In her essay on P. D. James' Cover Her Face, Deborah Crombie (a best-selling author, we once again are pointedly reminded) allows that "While a few of the Golden Age detectives were policemen, perhaps most notably Ngaio Marsh's Roderick Alleyn, they were also aristocrats...." Well, this is true of Alleyn, but not so of other Golden Age policeman protagonists that I recall (see those listed above). You actually cannot always generalize from the Crime Queens to all Golden Age British writers.
Crombie observes that murder is not taken lightly in James' first detective novel, "an attitude that marks a departure from most Golden Age whodunits." I find this statement rather sweeping. It ignores or insufficiently credits the important changes going on in the classical detective novel in the 1930s.
Crombie concludes that Cover Her Face is "a bridge between the enjoyable but workmanlike whodunits (with the exception of the Peter Wimsey novels of Dorothy L. Sayers) of the years between the wars, and the evolution of the British detective story into its modern incarnation, the detective novel, which can take its place with the best of today's literature."
Was Dorothy L. Sayers really the only Golden Age British mystery writer who wrote genuine literature, like modern mystery writers today (like--to throw out a name completely at random, of course--Deborah Crombie)? Is Sayers' Whose Body? a better novel than, say, Margery Allingham's Dancers in Mourning, Nicholas Blake's The Beast Must Die or Michael Innes' Lament for a Maker? I am not persuaded by Crombie's bare assertions.
In his essay on Nicolas Freeling's Gun Before Butter, Jason Goodwin indelicately observes that Freeling "belonged to a generation [of writers] that spat out Agatha Christie and her fellows, and admired Chandler." Although actually Freeling had some nice things to say about Sayers' fiction (and some scabrous things to say about Allingham's), those sentiments certainly are reflected in BTDF, despite the presence of two Christie books. The inclusion of a few Golden Age greats in this book feels largely likely tokenism, a slight attempt to redress a huge imbalance in favor of modern/hard-boiled/noir/procedural crime fiction.
|last seen puzzling|
Nevertheless, from my perspective as a classic mystery lover, I find BTDF a disappointment because to me it represents a lost opportunity. I would have preferred what President Obama in another context calls a balanced approach.*
Many BTDF contributors may be dubious of this assertion, but it actually is possible to admire both Christie and Chandler, to think both authors are great creative artists.

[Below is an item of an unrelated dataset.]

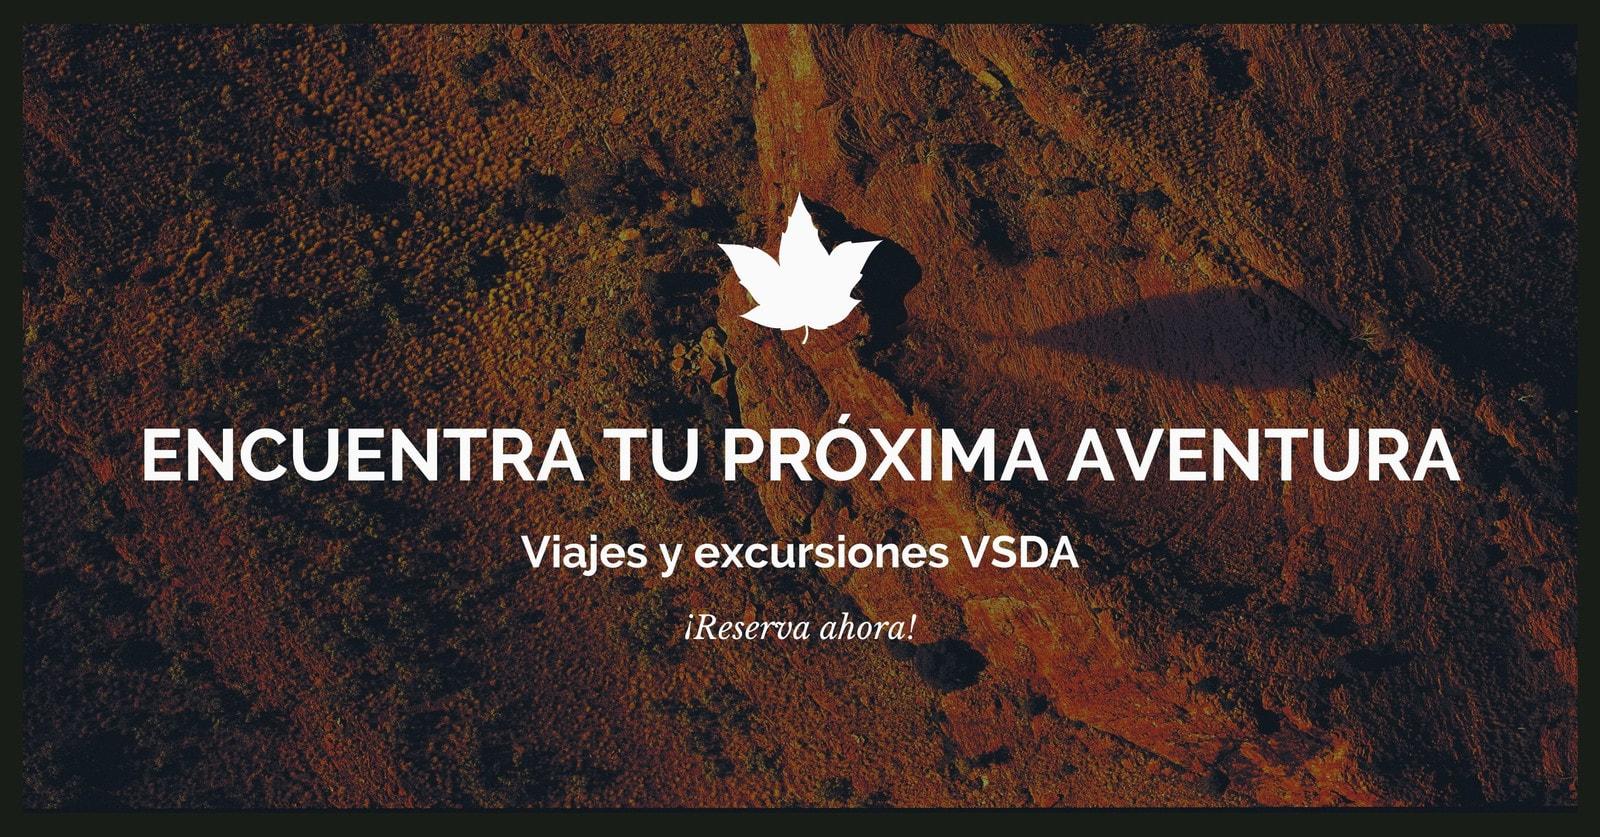 Marrón Foto Viajes Facebook Anuncio
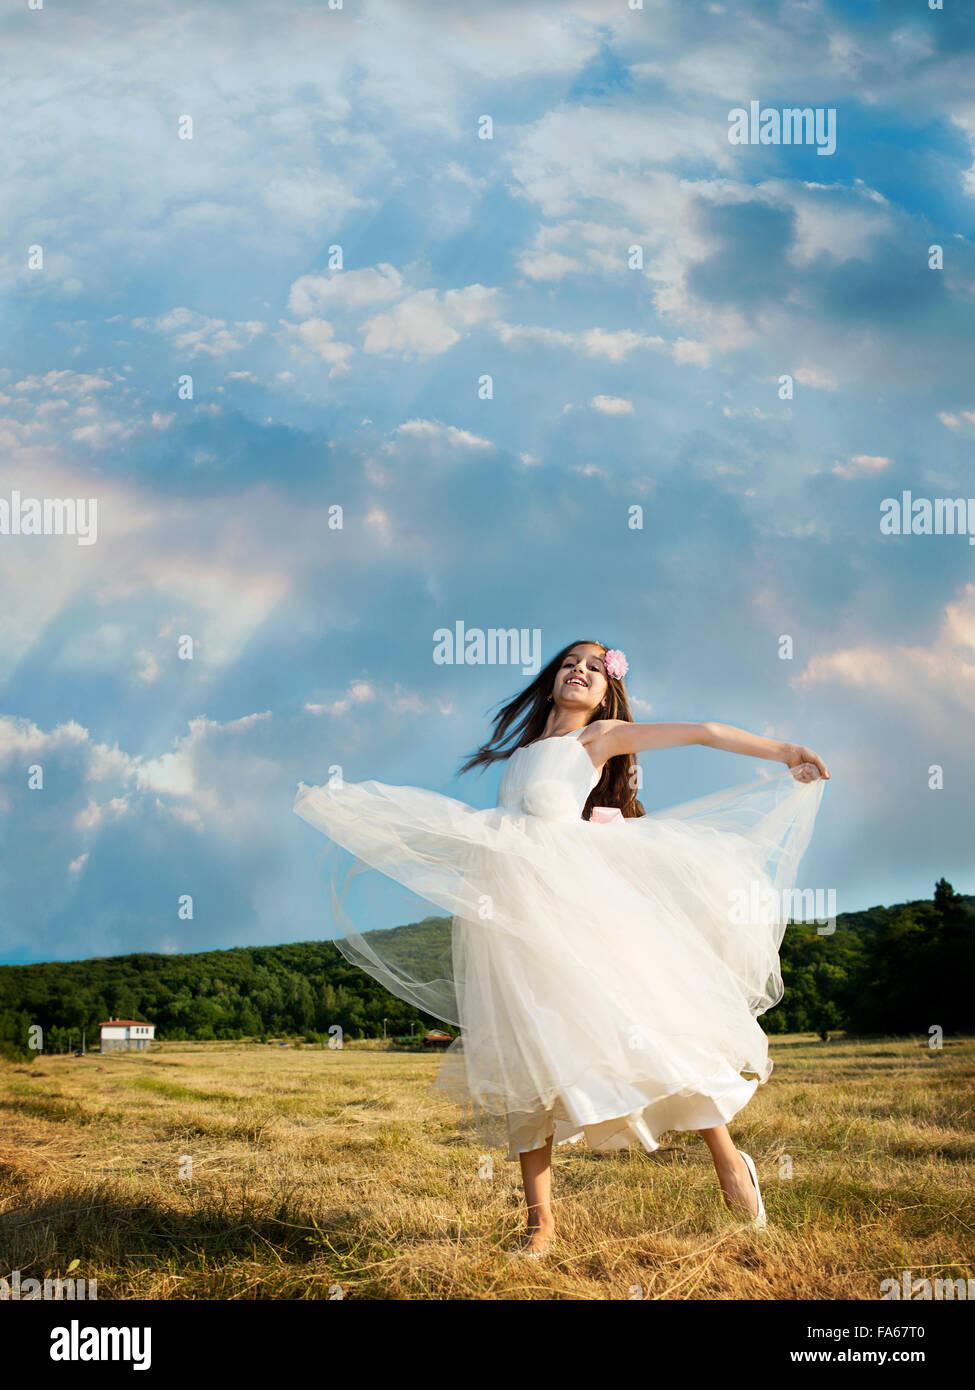 vertikal, draußen, Tag, echte Menschen, eine Person, Mädchen, ein Mädchen nur, Kinder, ein Kind nur, Stockbild

As noted above, even some of the few contributors on classical detective novels in BTDF seem eager to distinguish their special gal or guy from those other "mere puzzlers." The new Poirot mystery writer, Sophie Hannah, in her interesting essay on the late Jill McGown is as bold as the book gets in defending the puzzle: "If, like me, you're a structure freak, if you believe the puzzle aspect of crime fiction matters, read her," Hannah writes, with some commendable passion, of McGown's work.
Hannah's particular preferences (and her unabashedly expressed enthusiasm) are unfortunately rather rare in BTDF, however. When I got to Paul Charles' essay on Colin Dexter's Last Bus to Woodstock and on page 278 read the line "Dexter's books are essentially puzzles," I found myself wondering, how in the world did Dexter's detective novel ever get to be a book that is to die for?
*(And it's not just classical mystery that is neglected among the "old"--i.e., earlier than 1960--books. Besides the comparative absence of the post-WW2 psychological suspense novel associated so much with women writers, there is the invisibility of such brilliant, noirish plot constructors as Cornell Woolrich, Joel Townlsey Rogers and Fredric Brown).